KJV Dictionary Definition: ride

ride

RIDE, v.i. pret. rode or rid; pp. rid, ridden. L rheda, a chariot or vehicle.

1. To be carried on horseback, or on any beast, or in any vehicle. We ride on a horse, on a camel, in a coach, chariot, wagon, &c.

2. To be borne on or in a fluid. A ship rides at anchor; the ark rode on the flood; a balloon rides in the air.

He rode on a cherub and did fly; yea, he did fly on the wings of the wind. Ps. 18.

3. To be supported in motion.

Strong as the axle-tree on which heaven rides.

4. To practice riding. He rides often for his health.

5. To manage a horse well.

He rode, he fenc'd, he mov'd with graceful ease.

6. To be supported by something subservient; to sit.

On whose foolish honesty my practices rid easy.

To ride easy, in seaman's language, is when a ship does not labor or feel a great strain on her cables.

To ride hard, is when a ship pitches violently, so as to strain her cables, masts and hull.

To ride out, as a gale, signifies that a ship does not drive during a storm.

RIDE, v.t.

1. To sit on, so as to be carried; as, to ride a horse.

They ride the air in whirlwind.

2. To manage insolently at will; as in priestridden.

The nobility could no longer endure to be ridden by bakers, cobblers and brewers.

3. To carry. Local.

RIDE, n.

1. An excursion on horseback or in a vehicle.

2. A saddle horse. Local.

3. A road cut in a wood or through a ground for the amusement of riding; a riding.

riding

RI'DING, ppr. from ride.

1. Passing or traveling on a beast or in a vehicle; floating.

2. a.
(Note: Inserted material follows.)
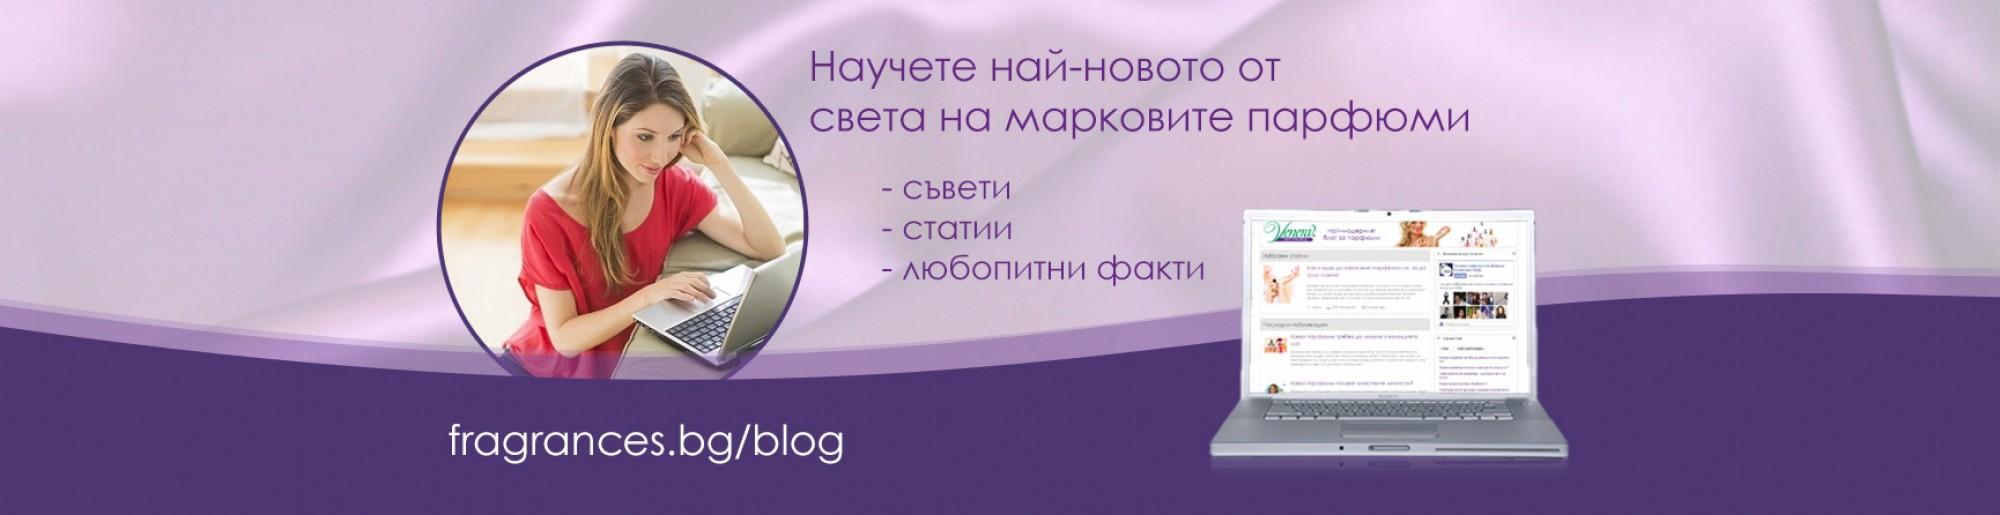 блог за парфюми

Employed to travel on any occasion.

No suffragan bishop shall have more than one riding apparitor.

RI'DING, n.

1. A road cut in a wood or through a ground, for the diversion of riding therein.

2. corrupted from trithing, third. One of the three intermediate jurisdictions between a three and a hundred, into which the county of York, in England, is divided, anciently under the government of a reeve.